Jesse Ed Rascoe [Ed Bartholomew]
The Golden Crescent; The Southwest Treasure Belt
(Toyahvale, Texas: 1962)
---
A scarce pamphlet on lost mines and lost treasures of the American Southwest. “Jesse Rascoe” (Ed Bartholomew) was well known for his meticulous research. He spent decades in the archives of early day newspapers, painstakingly taking down original accounts of outlaw plants, train robbers’ loot, bank robbers’ caches, and lost mines.

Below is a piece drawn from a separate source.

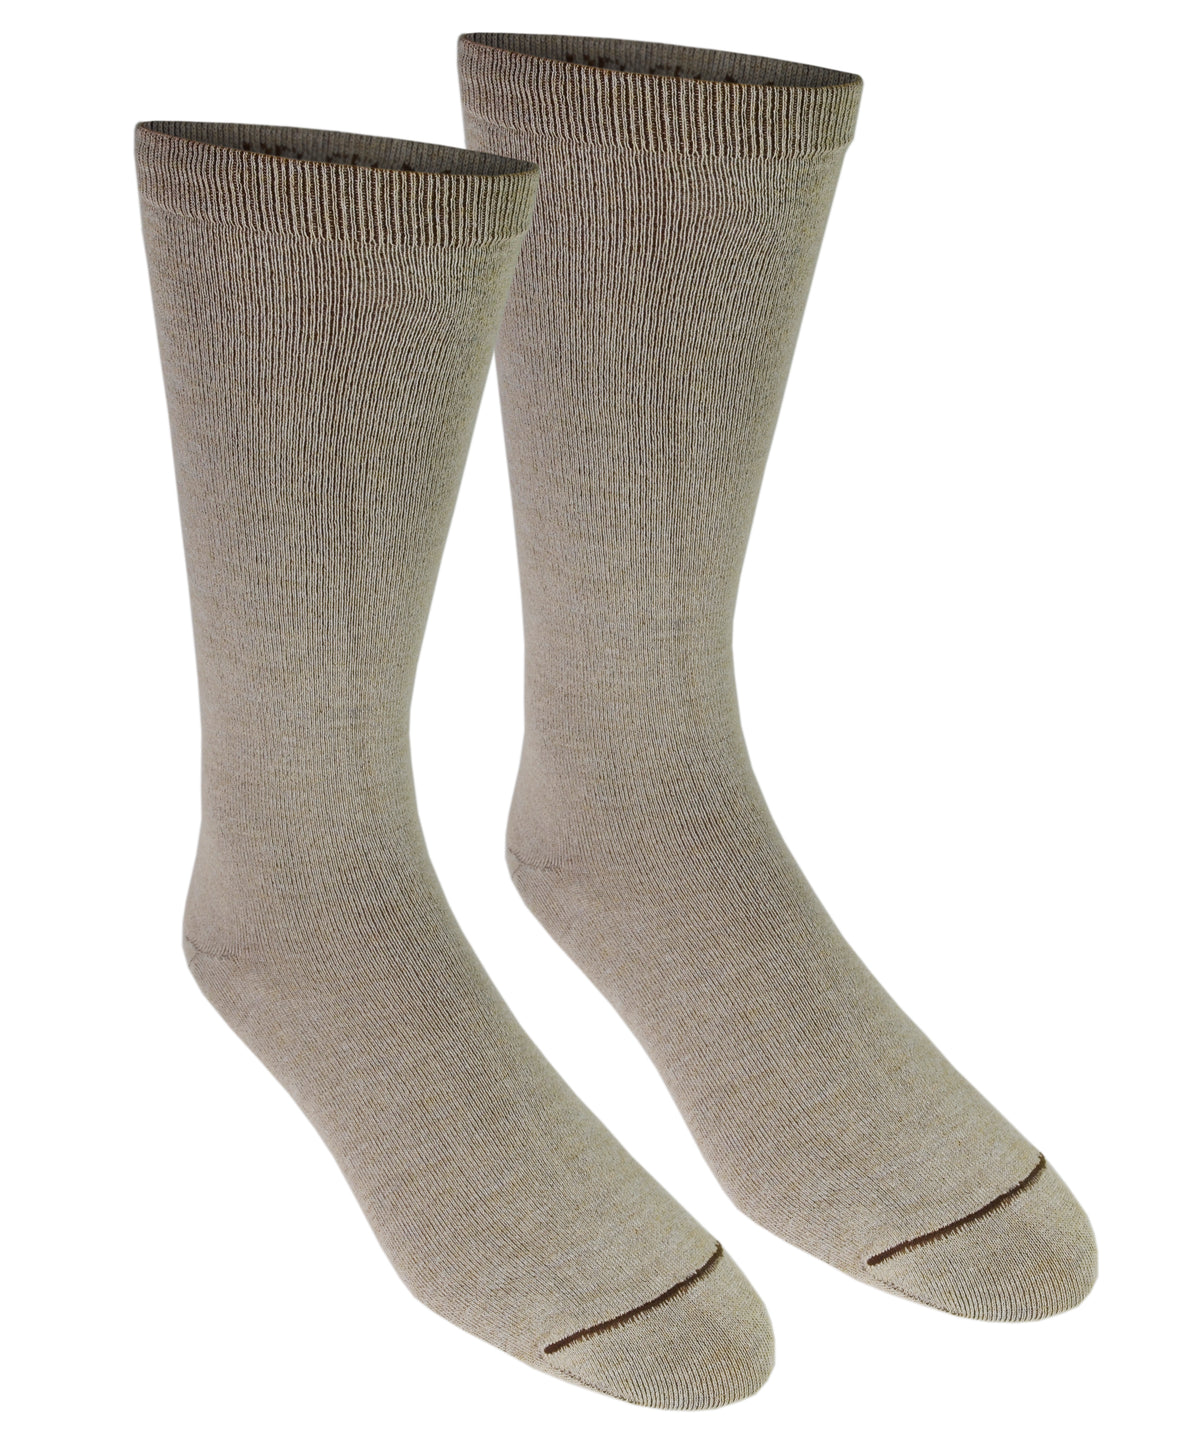 Alpaca Socks Wholesale Made Usa  International Society of Precision  Agriculture

Here are countless stories of lost treasure in Texas (a paymaster’s cache, Comanchero Loot, much on Jim Bowie and the Lost San Saba Mines), New Mexico (the Padre Larue Mine, the Lost Adams Diggings: “Probably the most elusive and the most interesting of the lost mines of the Southwest”), Arizona (old Spanish Mines, and Rich Cities of the Dead, the Scalphunters), and California and Old Mexico.
There is also a plain tan cover edition. The contents are identical.
During “The Golden Age” of treasure hunting literature, many authors were content to simply “research” their books and magazine articles by borrowing from the works of others. Often they were not too particular from whom they took.
Ed got very tired of this and finally published an article on the “Nelots” treasure. In due course Thomas Penfield published his version of this tale – remarkably similar to Ed’s.
Then Ed pointed out that Nelots spelt backwards is “Stolen!”
Karl von Mueller noted (
The Journals of El Dorado (1977)): “An excellent compilation of potential treasure sites…The author drew heavily from old newspaper accounts, military records, the Spanish archives, etc. to make this one of the most worthwhile treasure books ever published.”
He is, no doubt, correct. This is one of the 10 absolutely essential books on lost mines and buried treasures.
Pages 6 (first text page) through 84 were reprinted by the author as Texas Buried Treasures (Fort Davis, Texas: 1972) and pages 91 through 156 were reprinted by the author as
Southwest Treasures (Ft. Davis, Texas: 1976).
There are three different covers - the two shown and a plain tan one.